▶ **Work task**: No pictures belong in the copy. Retype exactly, and only, the stretch of lines below from the one with "Blooming Prickly Pear" through the one with "OSITO Shoes Baby's".

=== Dataset records ===

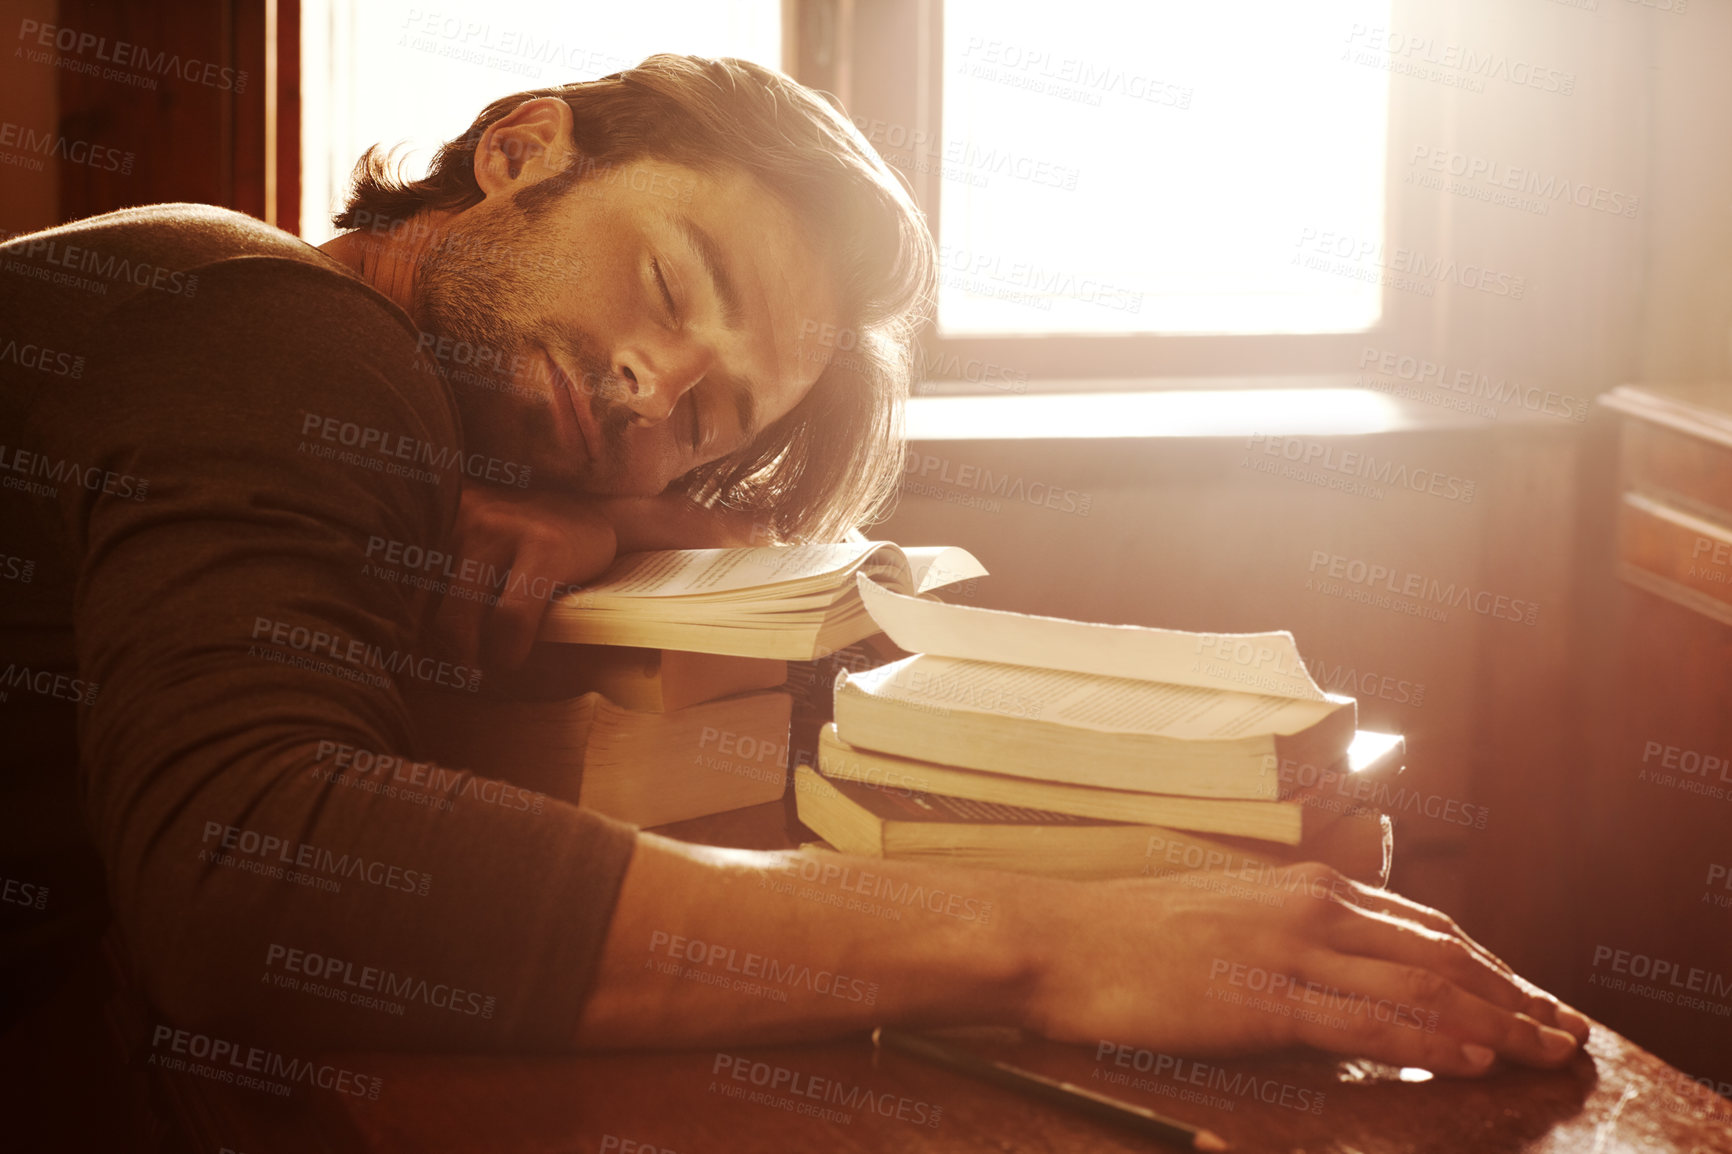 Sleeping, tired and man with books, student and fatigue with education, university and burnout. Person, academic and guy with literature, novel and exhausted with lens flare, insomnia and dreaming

===
=== Dataset records ===

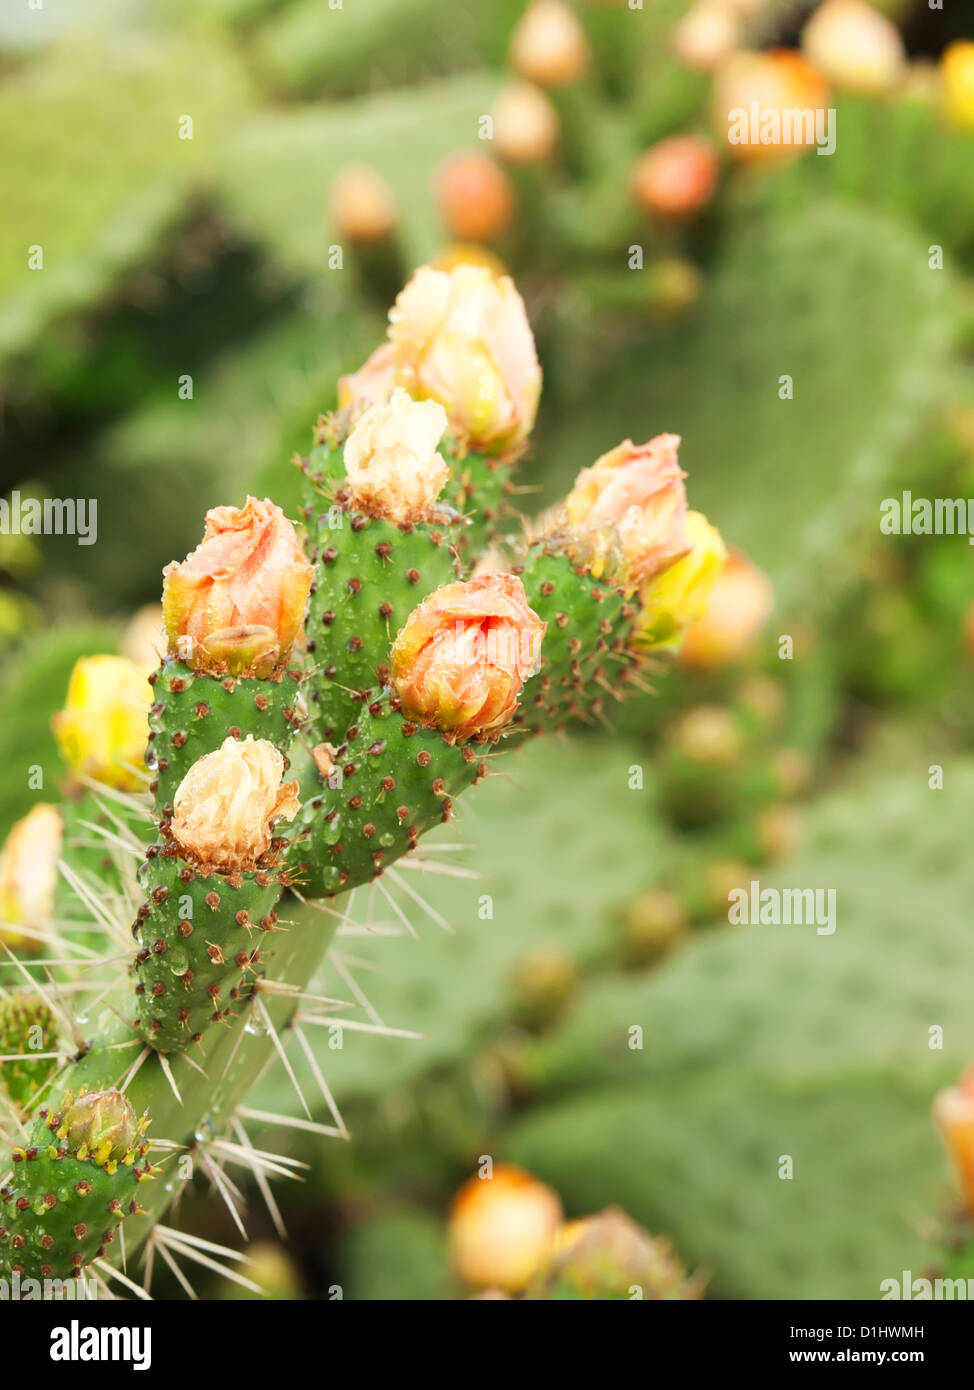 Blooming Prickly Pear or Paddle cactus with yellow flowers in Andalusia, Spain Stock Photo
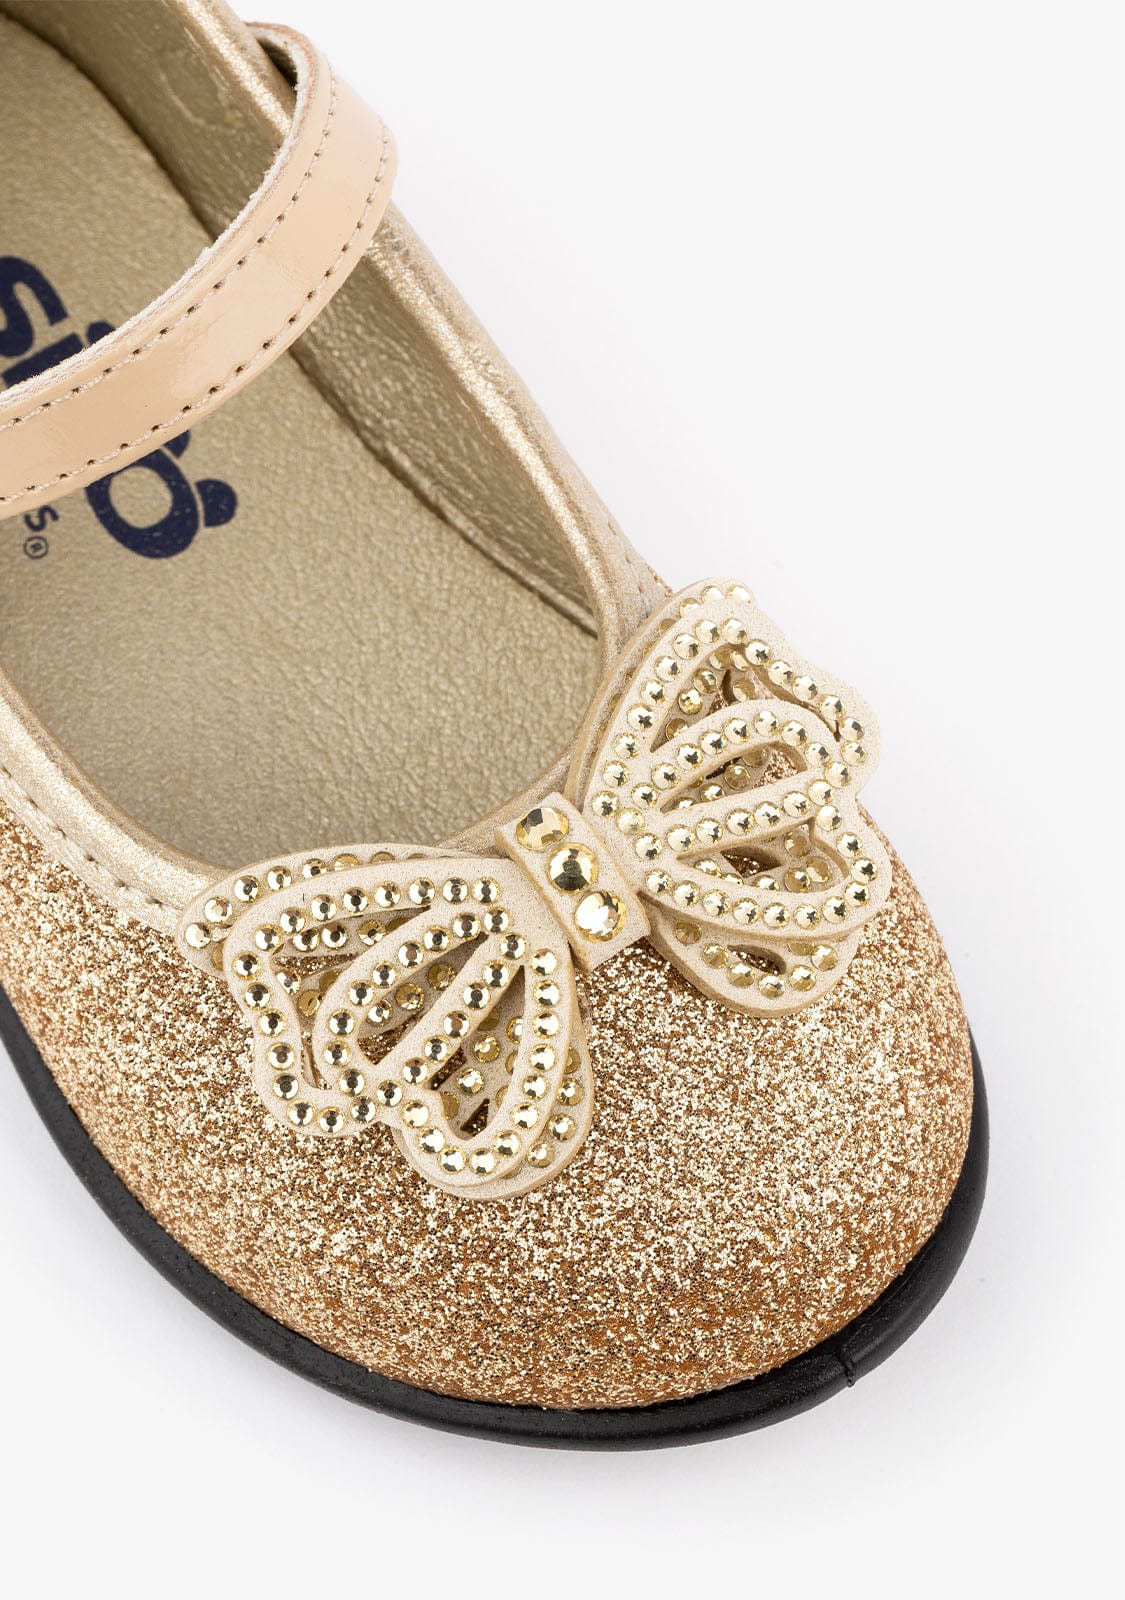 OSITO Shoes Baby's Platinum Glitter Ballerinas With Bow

===

▶ **Reply**:
 Blooming Prickly Pear or Paddle cactus with yellow flowers in Andalusia, Spain Stock Photo
 OSITO Shoes Baby's Platinum Glitter Ballerinas With Bow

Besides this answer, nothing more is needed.